One expat, who’s been a vegetarian since she was six, and has lived in countries all over Asia and Africa, only discovered since she came to Cambodia that she clearly has an allergy to shellfish. Everywhere she goes when she’s outside of the main urban centres in Cambodia, she repeats the same phrases: “Khnum nyam banlae(I eat vegetables), At nyam saich(I don’t eat meat), and At nyam trey(I don’t eat fish), and still her food is frequently sprinkled with little bits of something that once had eyes.

“It’s not on purpose,” she says. “It’s just that often, I think it may not be realised that the sachets of flavouring that come with the noodle packets can contain meat.” It is not impossible however, and she has frequently tucked into delicious plates of fried noodles with reams of healthy greens, onion and carrots.

Back in the urban centres, a vegetarian’s lot is altogether a better one. In Siem Reap, a number of restaurants are exclusively vegetarian, and some veggie-friendly ones whose dishes come highly recommended. Top of the list is Chamkar on The Passage. According to our veggie expat, the food here is “bloody scrumptious”, and she recommends in particular the pumpkin curry. The restaurant is quite small and discreet compared to the bustling on the rest of The Passage, and also sells organic wines, and a green tea latte.

At the top of The Passage and to the left, facing Blue Pumpkin, there is Little India. This north and south Indian cuisine restaurant has been quietly doing its thing for 12 years now, one of the longest running restaurants in Siem Reap. Five years ago they expanded, taking over two shopfronts, and acquired in the process a second kitchen. The owner took the opportunity to devote one kitchen entirely to vegetarian food so that it could meet the exacting standards of even the strictest vegetarians.

The Singing Tree is another hit with those who would rather wear nothing than Lady Gaga’s notorious Argentinean meat dress.
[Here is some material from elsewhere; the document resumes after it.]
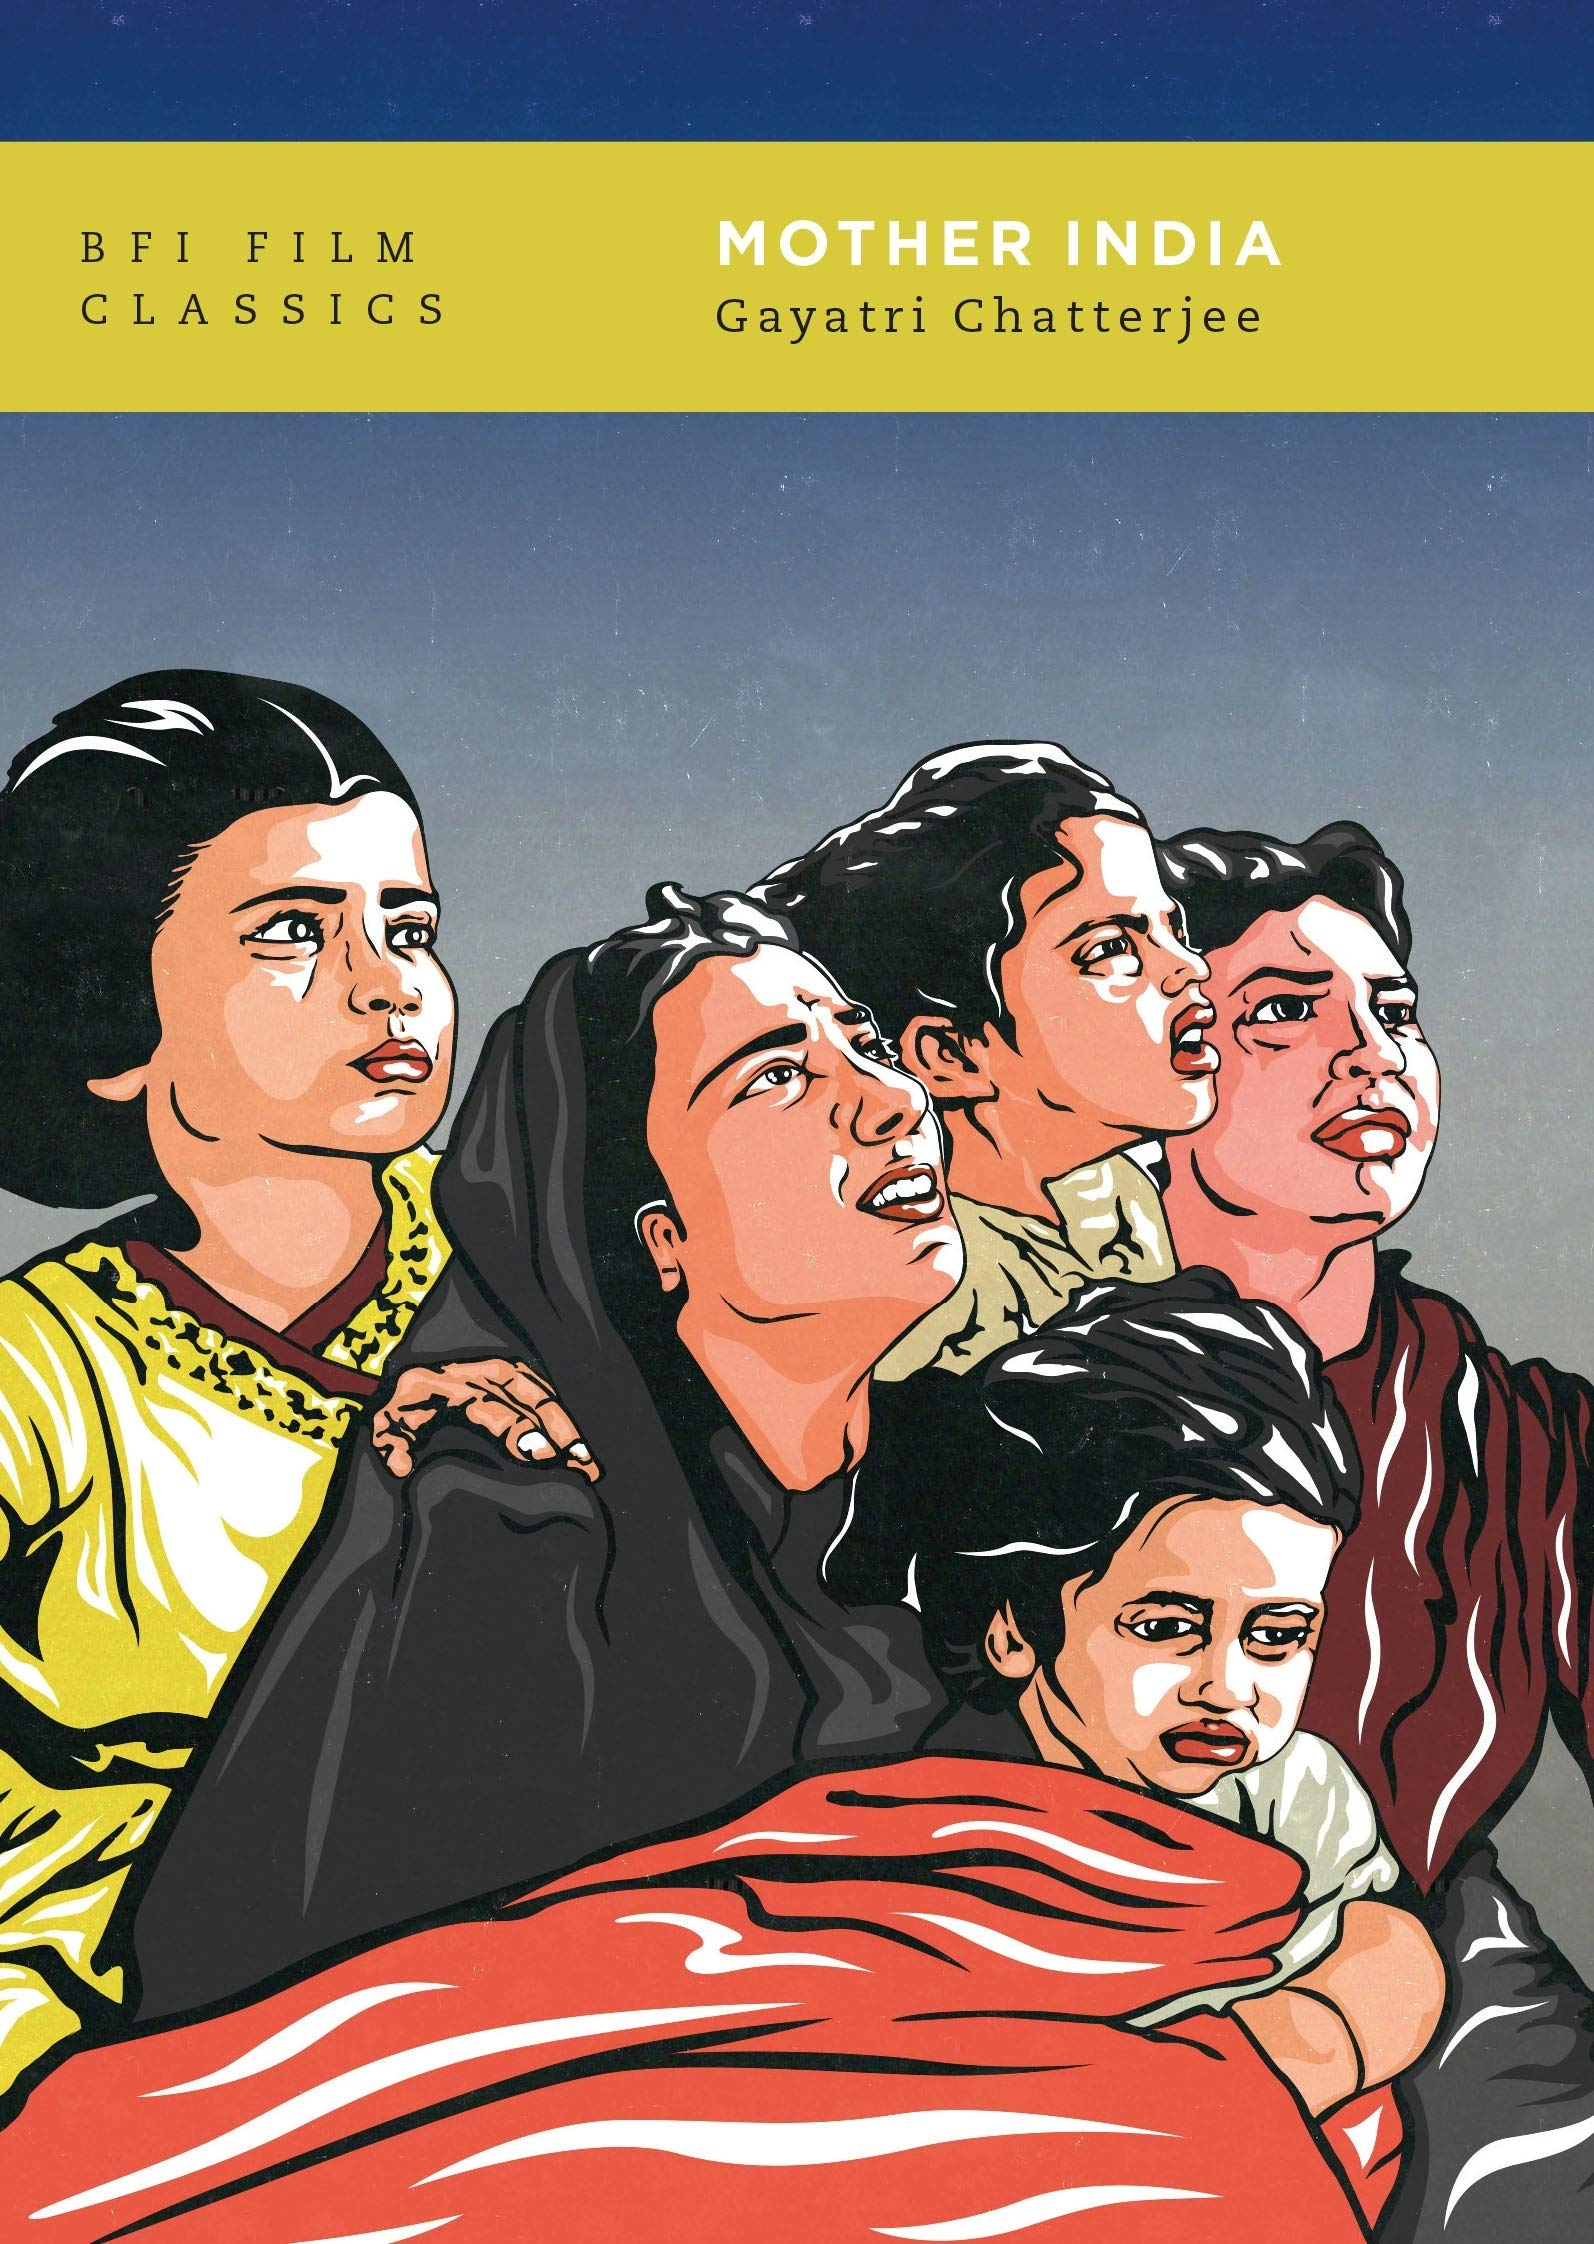 Buy PRE-ORDER Mother India: BFI Film Classics

This is a bright and colourful streetside café that is also vegan friendly, as with the two establishments above. Salads, burgers, quiches, sandwiches and grills are complemented by a good range of juices and shakes. There is now space upstairs and off the street, for those who like it a little quieter.

Not necessarily vegetarian restaurants, a number of other places still come highly recommended for either having a broad availability of vegetarian food, or only a few, but really-really good, dishes. Among these are Cuisine Wat Damnak, although you have to call ahead as the weekly changing set menu tends to have a strong fish focus. You will be richly rewarded if you do, and although our vegetarian couldn’t necessarily describe what she ate as she didn’t recognize all of the vegetables in the five different taster dishes that the chef prepared, the verdict was that it was absolutely amazing.

Tigre de Papier also has some impressive veggie dishes, including pizzas, salads and vegetarian bakes, and Il Forno rated a special mention thanks to its Parmigiana Melanzane, an aubergine bake. Their pizzas are also delicious.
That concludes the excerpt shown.